The data:
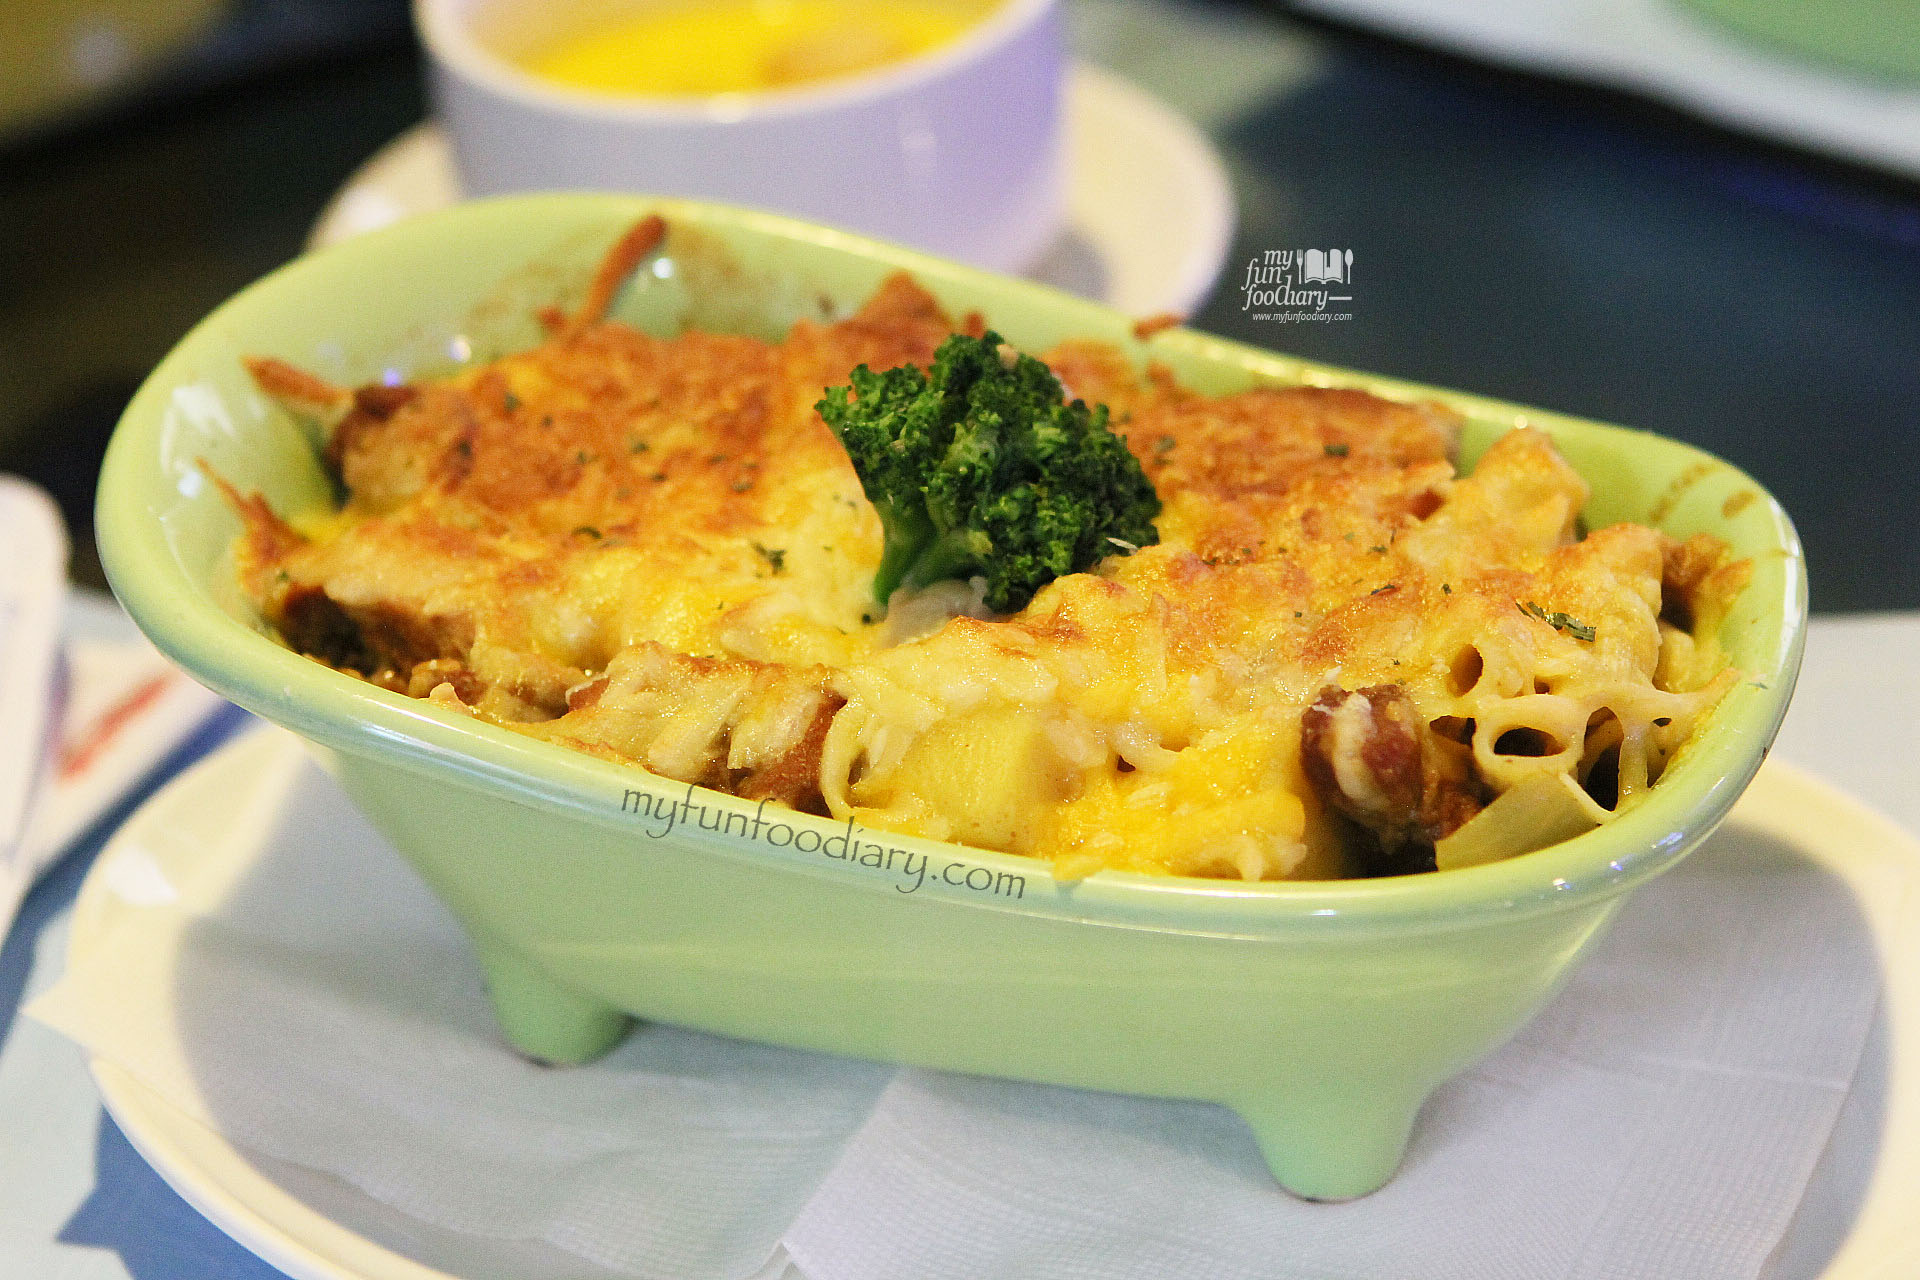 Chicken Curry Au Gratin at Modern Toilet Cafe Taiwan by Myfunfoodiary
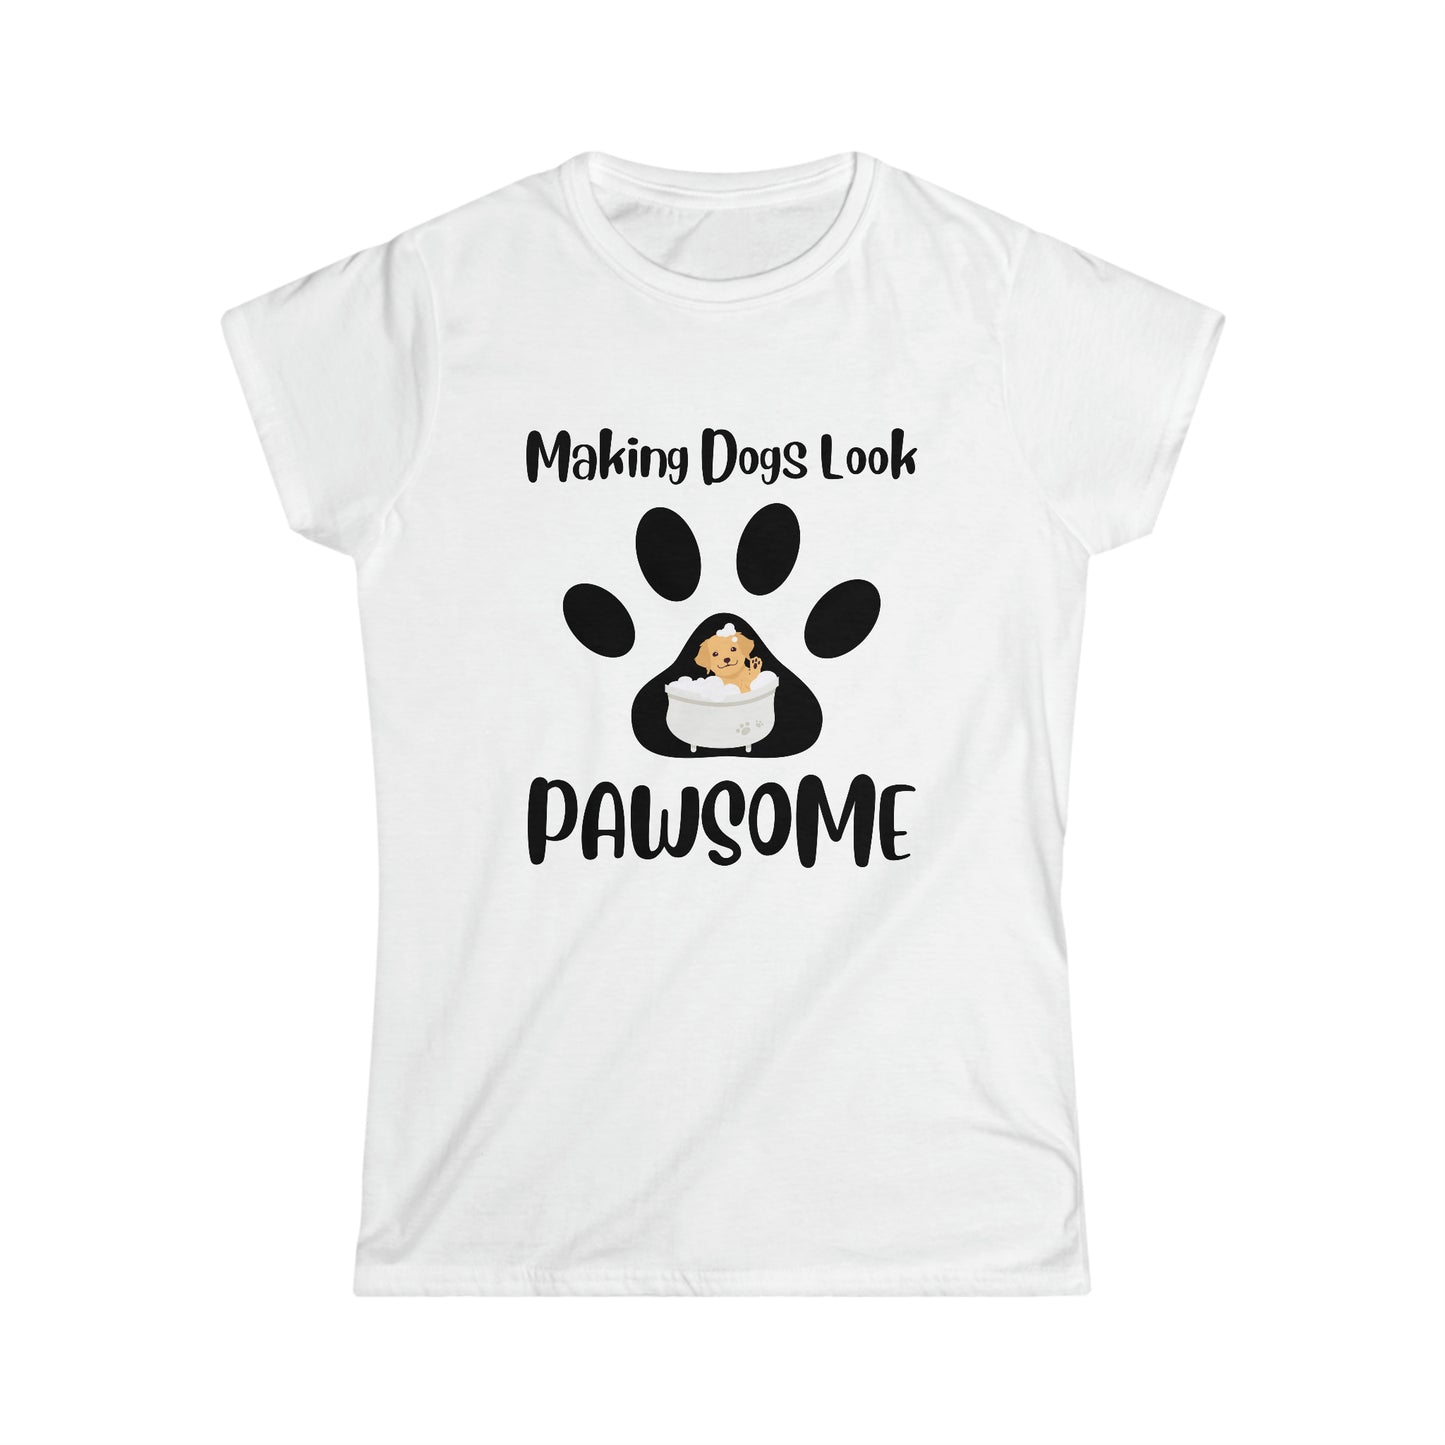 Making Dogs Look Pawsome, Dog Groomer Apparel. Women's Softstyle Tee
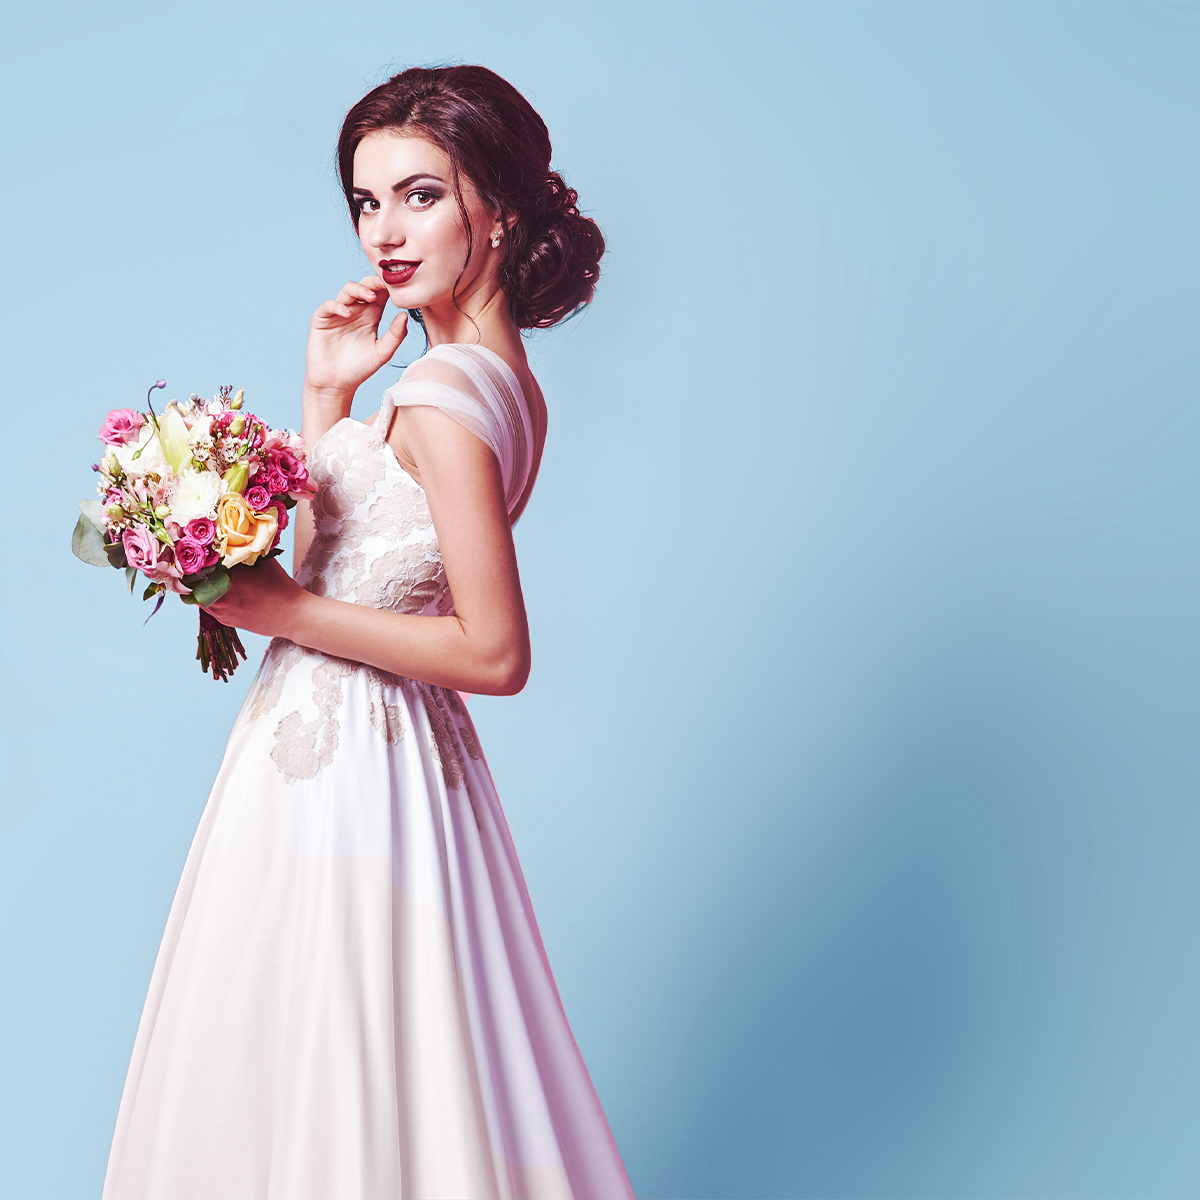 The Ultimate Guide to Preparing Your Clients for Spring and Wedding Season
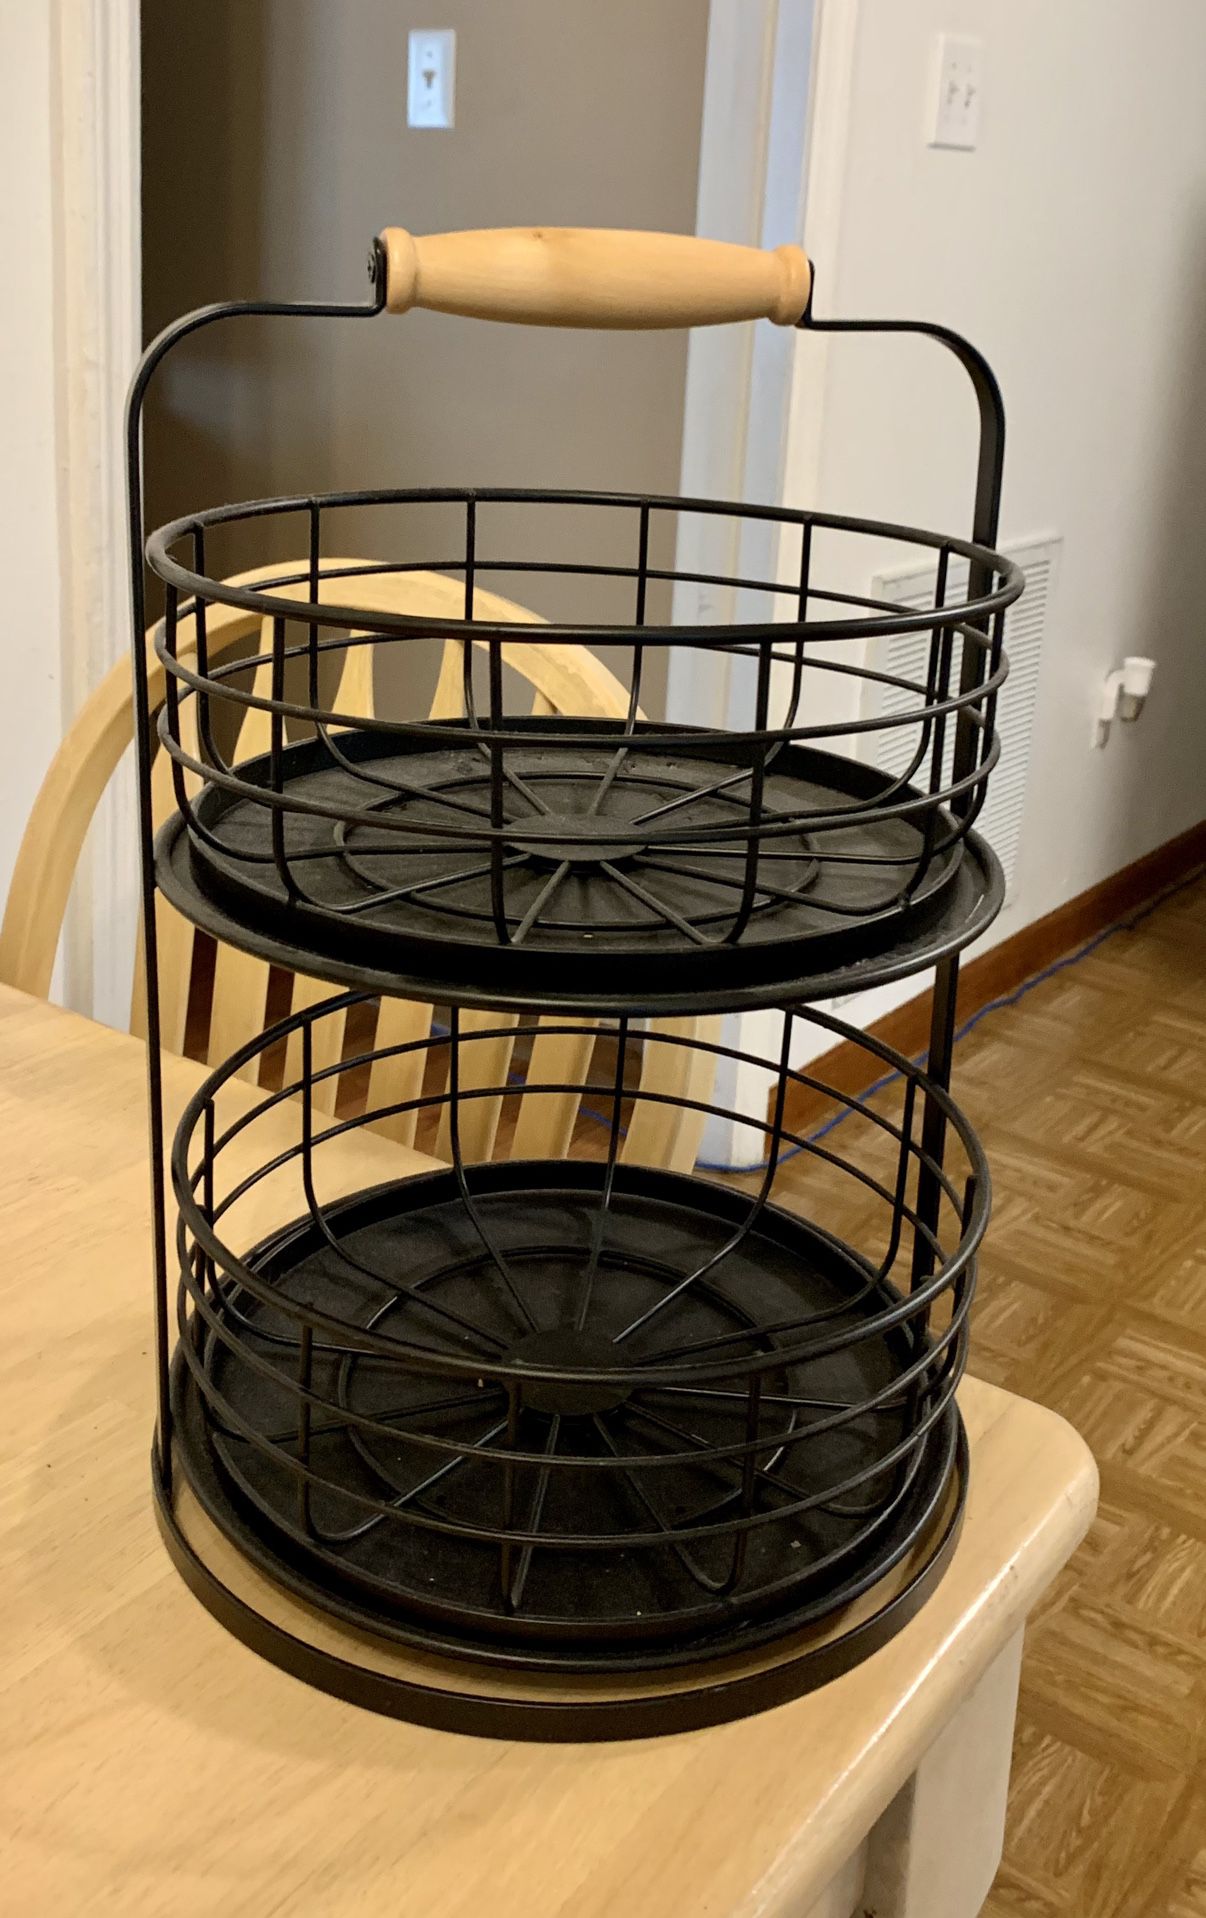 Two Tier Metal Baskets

Exercise: Return all of the material precisely as written. No picture belongs in it.

Task response:
 Chicken Curry Au Gratin at Modern Toilet Cafe Taiwan by Myfunfoodiary
 Making Dogs Look Pawsome, Dog Groomer Apparel. Women's Softstyle Tee
 The Ultimate Guide to Preparing Your Clients for Spring and Wedding Season
 Two Tier Metal Baskets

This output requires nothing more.